Sci Rep. 2015;5:13372
Authors: Pan BS, Wang YK, Lai MS, Mu YF, Huang BM
Abstract
The p38 MAPKs play important roles in the regulation of balance between cell survival and cell death on the development of various cancers. However, the roles of p38 MAPKs regulating apoptotic effects on Leydig tumor cells remain unclear. In the present study, we showed that cordycepin (3′-deoxyadenosine) selectively induced apoptosis in MA-10 mouse Leydig tumor cells through regulating the p38 MAPK and PI3K/AKT signaling pathways.
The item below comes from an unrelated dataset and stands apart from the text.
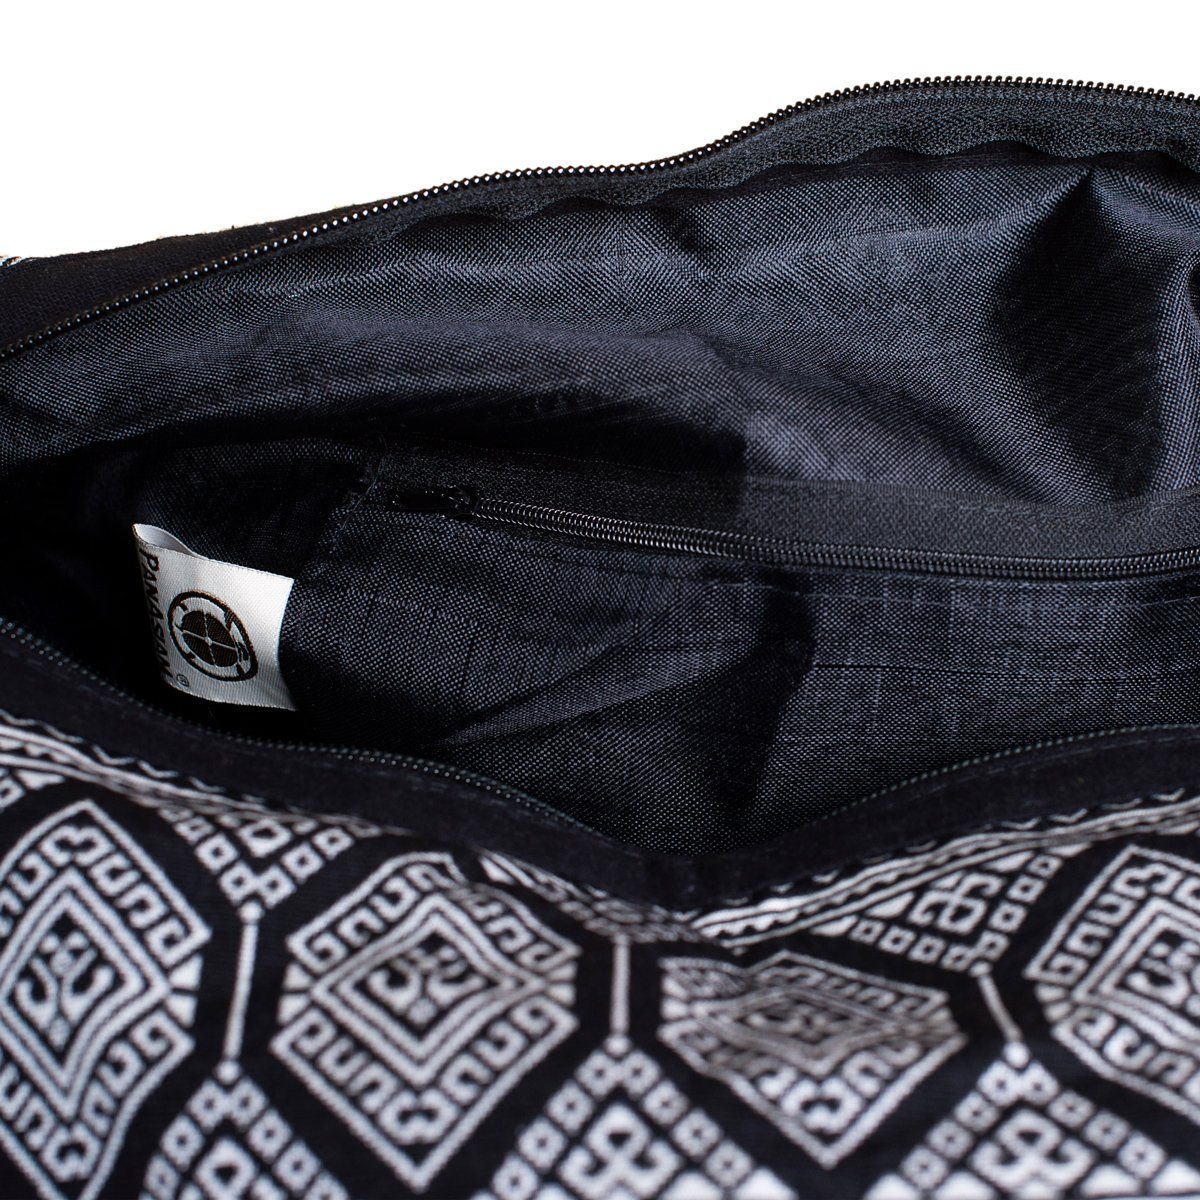 PANASIAM Schultertasche Designs Schwarz in fester aus gewebten Baumwolle Wickeltasche, oder Beuteltasche Yogatasche nutzbar Umhängetasche auch Handtasche Strandtasche als

Cordycepin reduced viability in MA-10, TM4, and NT2/D1 cells, but not cause cell death of primary mouse Leydig cells on moderate concentration. Cordycepin increased reactive oxygen species (ROS) levels, which is associated with the induction of apoptosis as characterized by positive Annexin V binding, activation of caspase-3, and cleavage of PARP. Inhibition of p38 MAPKs activity by SB203580 significantly prevented cordycepin-induced apoptosis in MA-10 cells. Co-treatment with wortmannin or the autophagy inhibitor 3-methyladenine (3-MA) elevated levels of apoptosis in cordycepin-treated MA-10 cells. Moreover, cordycepin activated p53, p21 and TGFß; and downregulated CDK2. The antitumour activity of cordycepin-treated MA-10 cells was significantly distinct in severe combined immunodeficiency (SCID) mice in vivo. These results suggested that cordycein is a highly selective treatment to induce MA-10 cells apoptosis via p38 MAPKs signaling.
PMID: 26303320 [PubMed – in process]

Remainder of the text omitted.